» **EXERCISE**: Only the lines in the entries below from the line with "Mozart Versus Salieri: Rivalry?" to the line with "Sun setting over", both included, belong in the answer, transcribed exactly and without pictures.

╭─ PROVIDED RECORDS

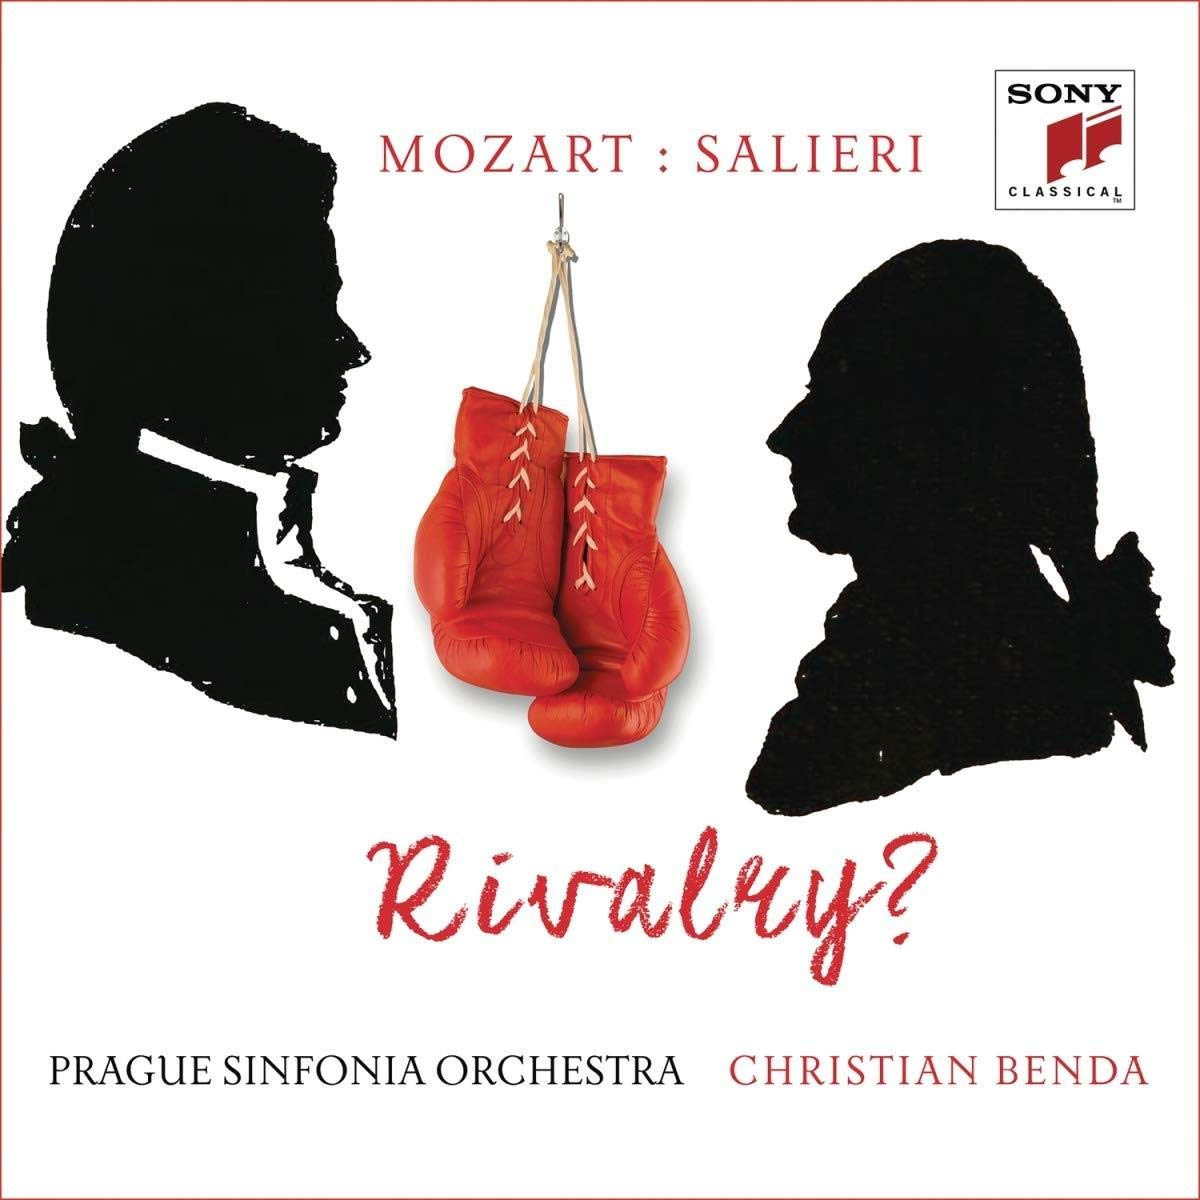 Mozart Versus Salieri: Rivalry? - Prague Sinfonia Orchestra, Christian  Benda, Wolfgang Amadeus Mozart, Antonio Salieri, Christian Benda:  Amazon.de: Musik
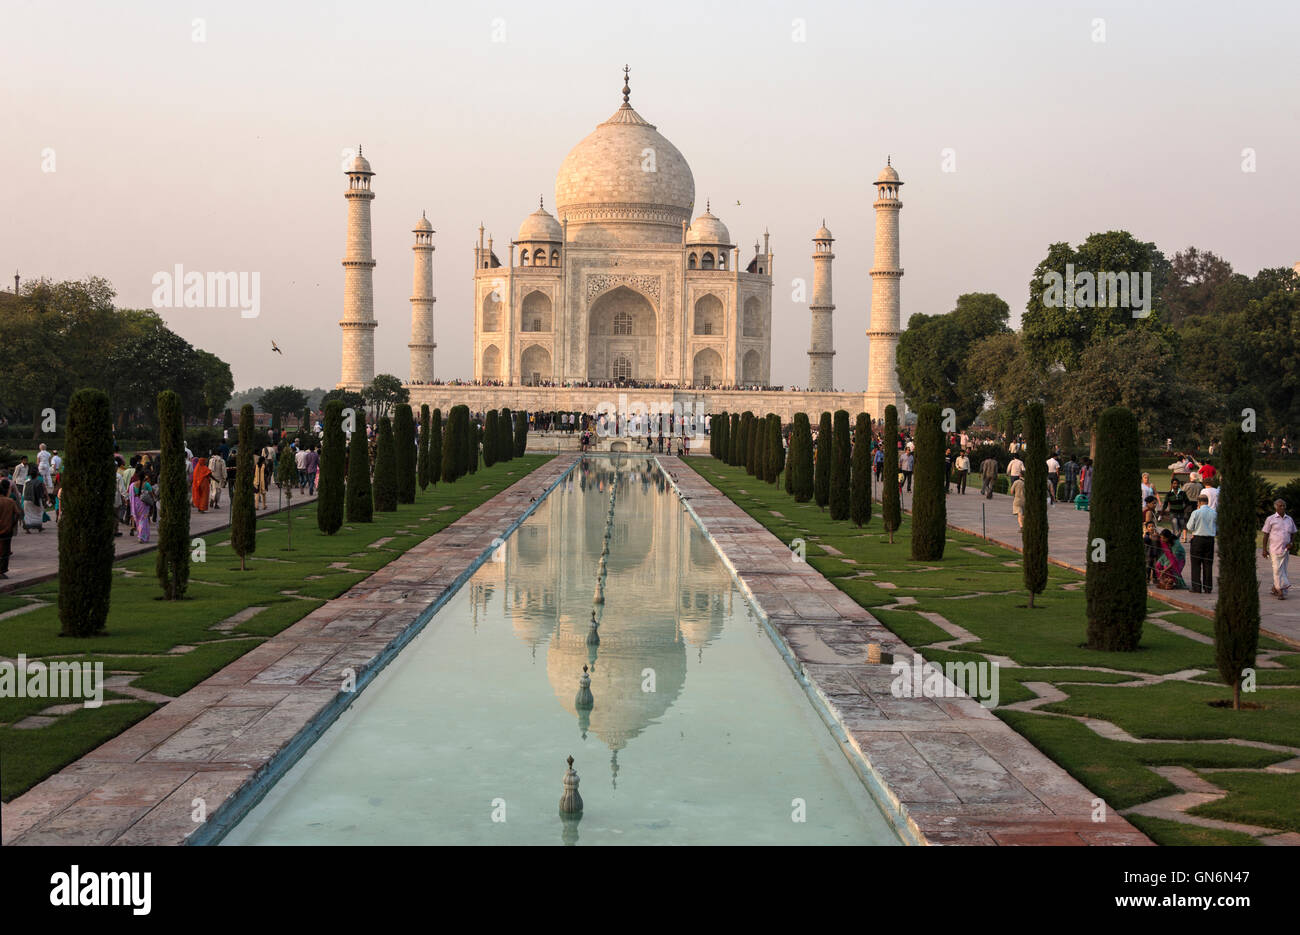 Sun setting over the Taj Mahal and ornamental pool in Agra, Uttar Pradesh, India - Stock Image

╰─
╭─ PROVIDED RECORDS

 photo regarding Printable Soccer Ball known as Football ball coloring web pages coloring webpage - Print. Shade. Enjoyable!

╰─

» **TASK SOLUTION**:
 Mozart Versus Salieri: Rivalry? - Prague Sinfonia Orchestra, Christian  Benda, Wolfgang Amadeus Mozart, Antonio Salieri, Christian Benda:  Amazon.de: Musik
 Sun setting over the Taj Mahal and ornamental pool in Agra, Uttar Pradesh, India - Stock Image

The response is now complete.